Illustration by Stephanie Kervin Illustration by Stephanie Kervin Stephanie Kervin

With winter weather finally making its unwelcome comeback in the past few days, it seems as though everyone is in need of some sunshine in the form of a little musical entertainment. The Hart House Theatre has just the thing for a case of the winter blues: running from January 14 to the 29th, the Hart House Theatre is putting on a production of Dirty Rotten Scoundrels. A Tony award winning musical based on the 1988 film of the same name, the film and resulting Broadway show have delivered big laughs, extravagance, and frivolous fun, and the upcoming Hart House production is looking to do the same.

The musical tells the story of two rival con-men, Lawrence Jameson (played by Neil Silcox) and Freddy Benson (Evan Dowling). The two smooth-talking crooks duke it out over territory on the beautiful French Riviera, vying for first the fortune, and later the affections, of the lovely Christine (played by Ashley Gibson), who is rumoured to be a soap company heiress.

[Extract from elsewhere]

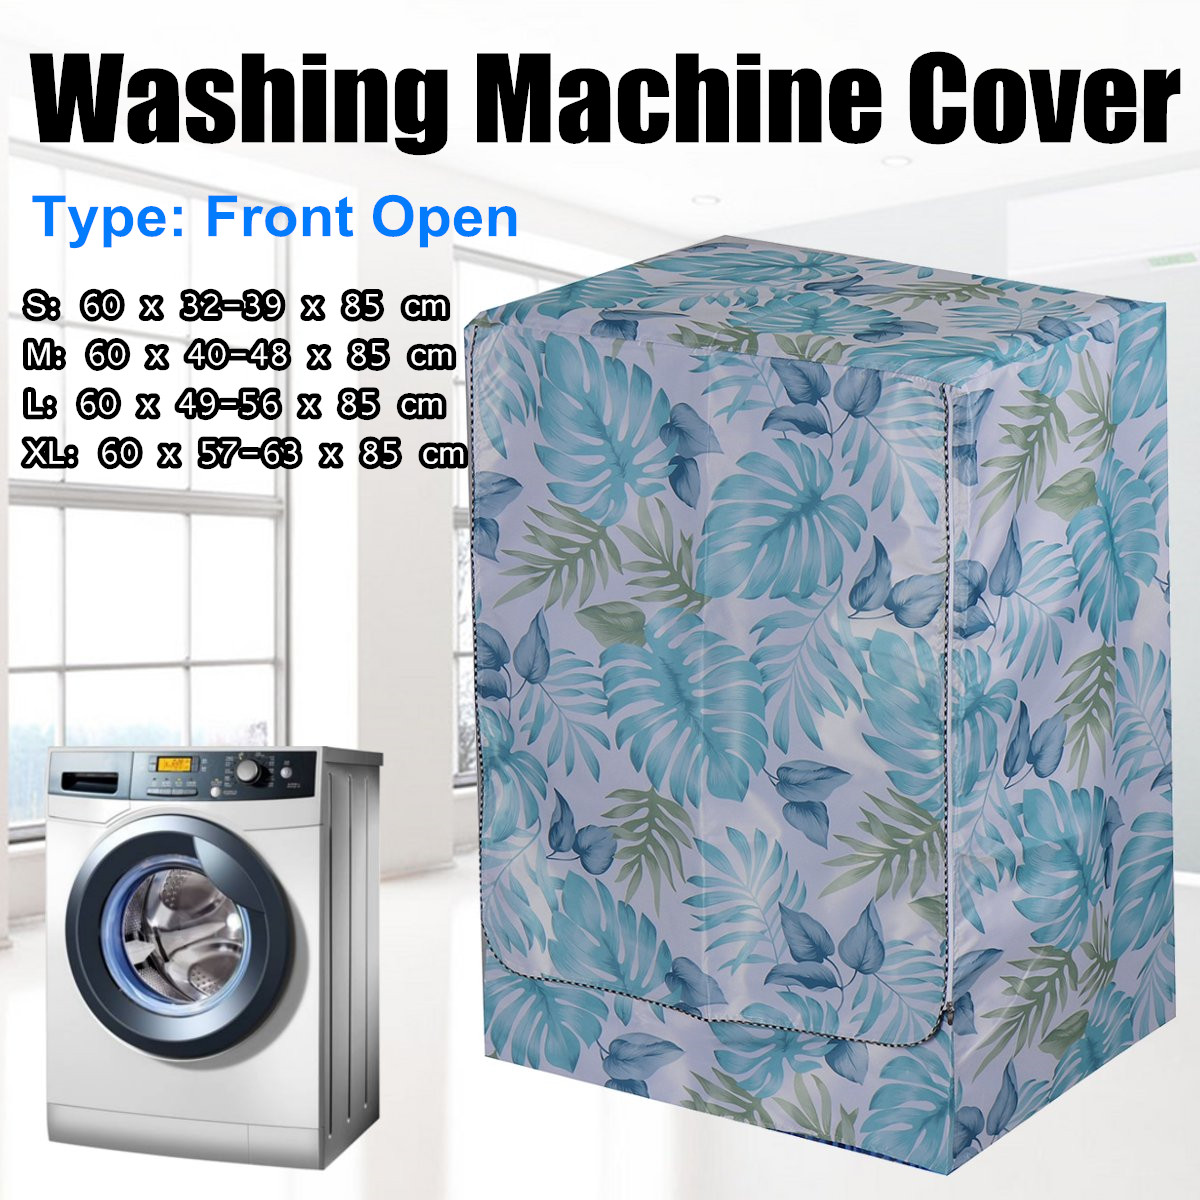 Washing-Machine-Cover-Home-Polyester-Roller-Laundry-Dustproof-Waterproof-Case-Cover-for-Washing-Mach-1794998-1

Jeremy Hutton, the director of the Hart House production of Dirty Rotten Scoundrels, spoke with the newspaper about the show.

"It's big---it's really big---and it's fun and has all the qualities of a golden age of musical theatre; this is more rare nowadays." Hutton praises the clever writing of the show, the "old big Broadway sounding score," as well as the way the two are married in a seamless and successful way. "What makes it particularly great is that the music is really detailed and fantastic. It's just rare to hear that kind of fun writing in the music itself."

Hutton also admires the film version; it would be hard not to with such legends as Steve Martin and Michael Caine playing the two colourful main characters. "There's definitely an element of knowing the material you're working from. There are times when you want to pay homage, there are certainly moments you want to keep in there and stay true to."

Hutton is intent on keeping the larger-than-life spirit of the show alive, but is aware of some of the limitations of the theatre itself. The Broadway production often featured huge, elaborate sets, which made Hutton want to maintain the "magical" and "Old Hollywood" aspect of the show, albeit on a smaller scale. "The real challenge was trying to create a space that was really inventive and really captured the spirit of the show without being able to do what they did on Broadway."

Hutton has real confidence in his cast and crew, proclaiming his work with them as his favourite part of the process. "The cast is really, really talented. The leads in particular are very inventive. Probably my favourite part is just seeing what they come up with as all of them play all these different characters; it's just really fun to watch them."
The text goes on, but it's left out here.